Ильза кивнула, и он продолжил:
– И ты считаешь, что твоя история, а главное – твоя профессия дают тебе право остаться здесь, что здесь в тебе нуждаются, что твой долг – помочь этим людям.
– Меня побуждает к этому не только долг, – прервала она, – а желание и любовь.
– Хорошо, хорошо. Все это прекрасно. Я тоже хочу помочь. Я помогал раньше, буду помогать и впредь. Но чтобы помочь – не обязательно жить здесь. Одним только фактом своего пребывания здесь ты, Ильза Хиршфильд, не слишком много сможешь изменить.
Ильза перевела взгляд на окно, за которым лежал спящий Иерусалим.
– Америка – твоя страна, я знаю. Но это – моя, я считала ее своей с того времени, когда Марио было всего десять, и мы вместе мечтали, как когда-нибудь будем жить здесь. Я говорила тебе об этом. Если бы все сложилось иначе, мы были бы здесь вместе. – Она повернулась к Полу. – Меня всегда тянуло сюда, Пол. Я не могу найти слов, чтобы объяснить тебе, единственное, что я могу сказать: теперь, когда я здесь, я просто не в состоянии, да, не в состоянии сесть на самолет и улететь. Поверь мне! – Она схватила его за руку. – Тебе не кажется… может, ты сможешь жить здесь? – снова начала умолять она.
Боль улеглась, остался только внутренний холод. Пол знал, что в ответ может сказать ей одно:
– Нет. Я американец, и я должен жить в Америке.
– Боже мой, – прошептала она.
– Значит, мы опять наталкиваемся на каменную стену. Мне надо умолять тебя? Я умоляю тебя. Всем сердцем… – Голос его оборвался. Схватив ее за руки, он прижал их к своему сердцу, которое сейчас было как камень. – Не делай этого, Ильза.
– Я не хотела так поступать, – ответила она подавленно. – Неужели ты не понимаешь, что я не хотела этого?
Он снова призвал на помощь разум.
– Послушай, давай поговорим спокойно. На что ты собираешься жить здесь? На одних идеях долго не протянешь.
– Как-нибудь проживу. Устроюсь на работу в больницу. Мне много не нужно. Богатой я никогда не была.
– Да, правда, – печально согласился он и коротко горько рассмеялся. – Ожерелье тебе не понадобится. – Он поднял его с кровати, куда положил раньше.

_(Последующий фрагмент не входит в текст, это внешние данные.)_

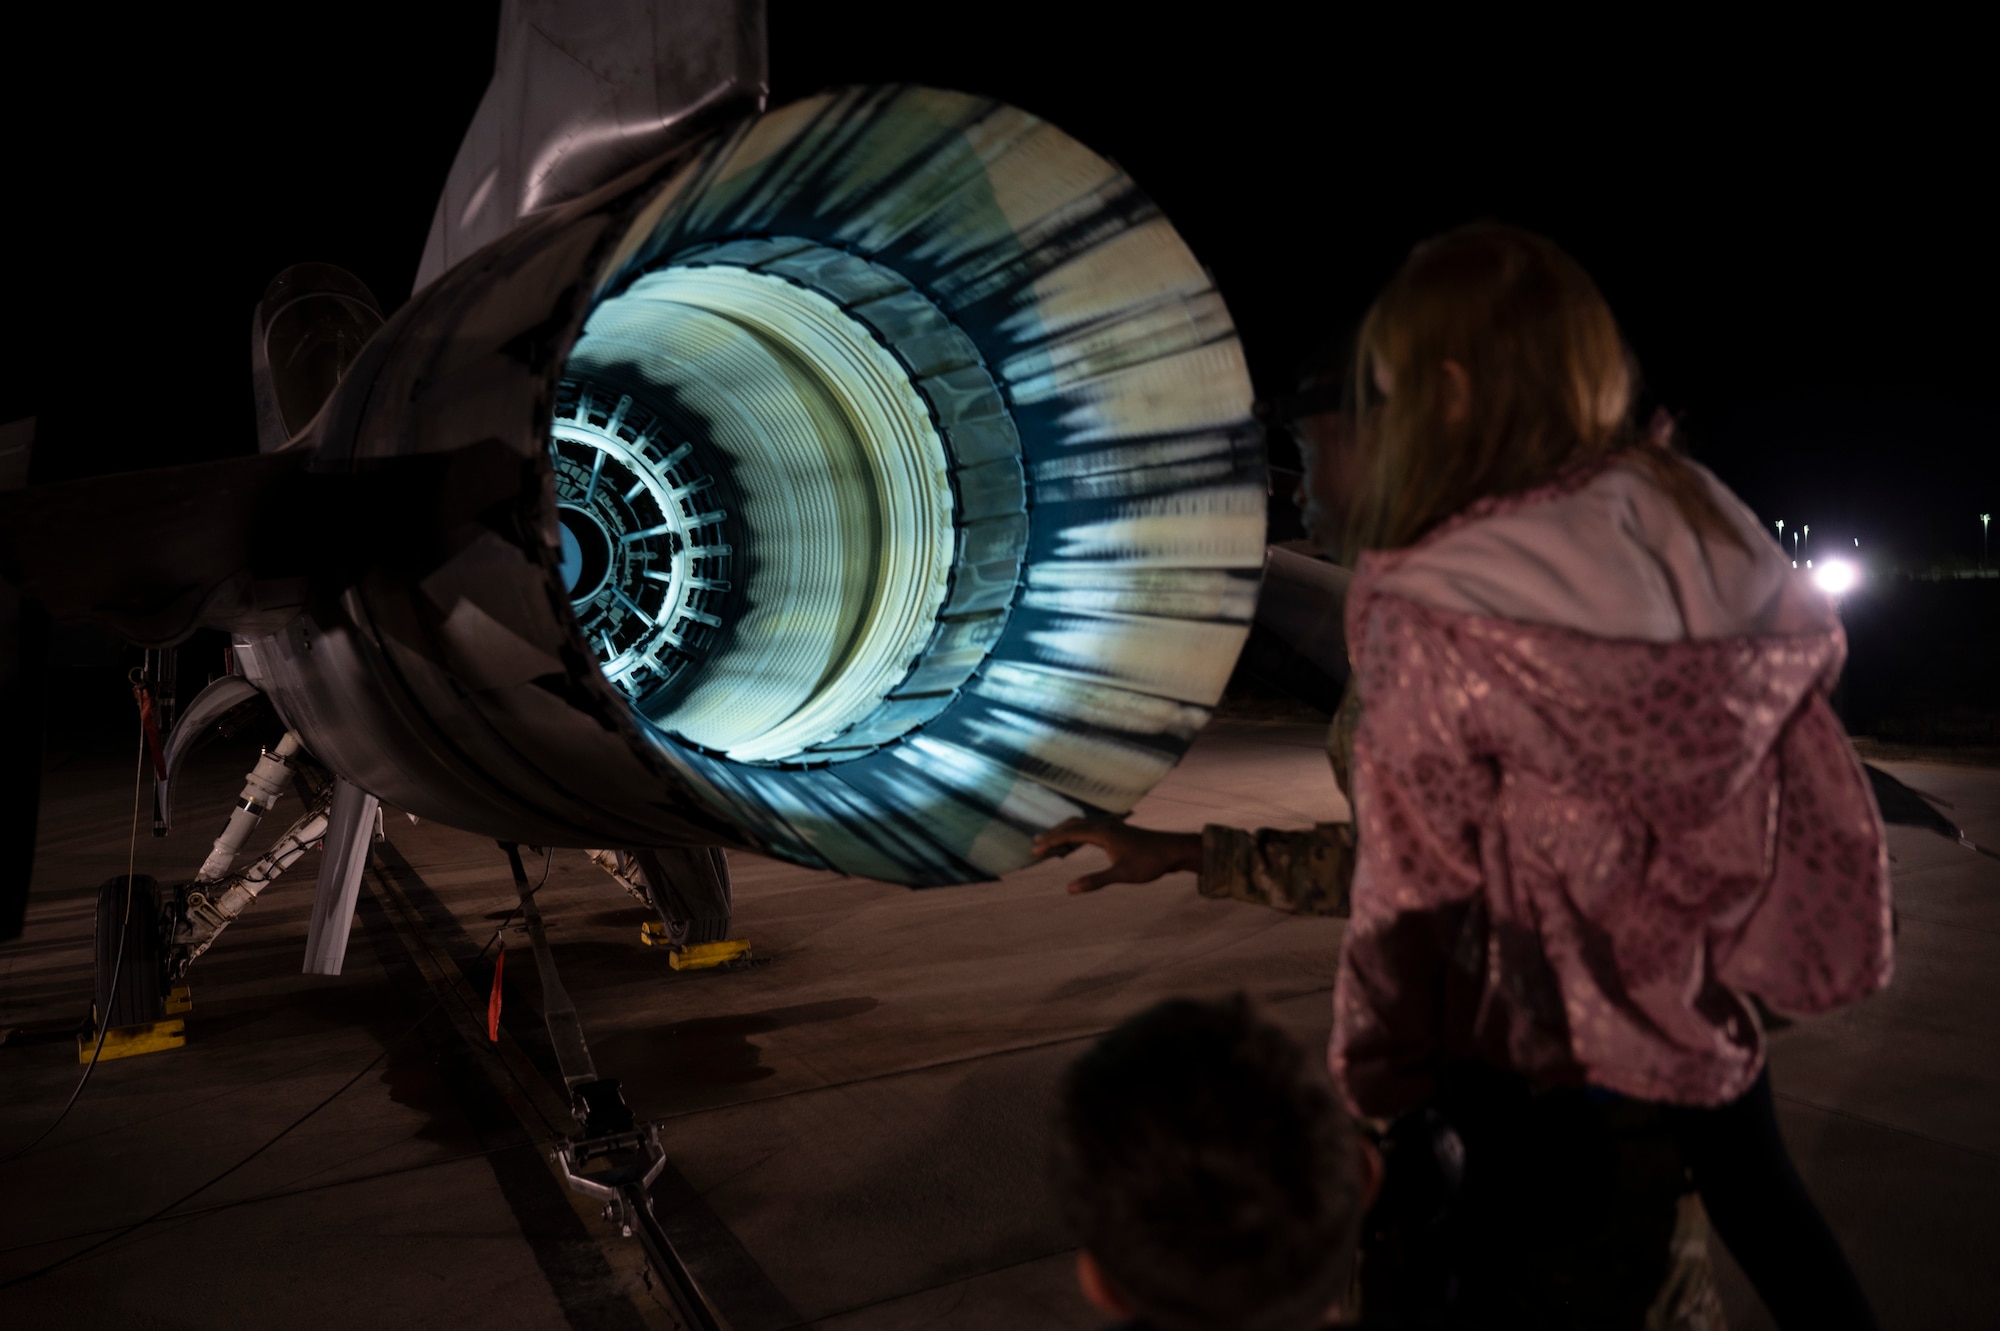 An Airman from the 311th Aircraft Maintanence Unit explains various parts of the F-16 Viper exhaust to a child at an afterburner operation at Holloman Air Force Base, New Mexico, Nov. 16, 2023. Afterburner operation occurs when raw jet fuel is injected into the engine augmenter, resulting in a long cone of fire out of the exhaust and generating twenty-four thousand pounds of thrust propelling the airframe. (U.S. Air Force photo by U.S. Air Force Airman 1st Class Michelle Ferrari)

– Думаю, что нет. Может, тебе лучше вернуть его. Острая боль снова пронзила ему грудь. Он погладил золотую цепь и блестящие камни, словно они были живыми и тоже могли чувствовать себя отвергнутыми. – Я не возьму его назад, Ильза. Сохрани его. Когда-нибудь ты образумишься и вернешься ко мне.
– Дорогой, я и сейчас отдаю себе отчет в том, что делаю. Если бы это было не так, мне не было бы так больно.
Он обнял ее, и некоторое время мужчина и женщина стояли, прижавшись друг к другу. Затем сели и снова принялись за страшные своей безнадежностью уговоры.
– Давай не будем спорить, – взмолилась наконец Ильза. – Пожалуйста, Пол, давай не будем причинять друг другу еще больше боли.
Вечер сменился ночью. У них не осталось слов для объяснений, увещеваний, просьб. В тягостном молчании они лежали рядом на кровати, отсчитывая вместе с будильником последние часы перед разлукой.
Наконец наступил холодный рассвет, и скоро на холодном белом небе появилось белое солнце. Уложенные и застегнутые чемоданы стояли у двери. Пол улетал в полдень с аэродрома к северу от Тель-Авива.
– Не провожай меня, – сказал он. – Я этого не вынесу.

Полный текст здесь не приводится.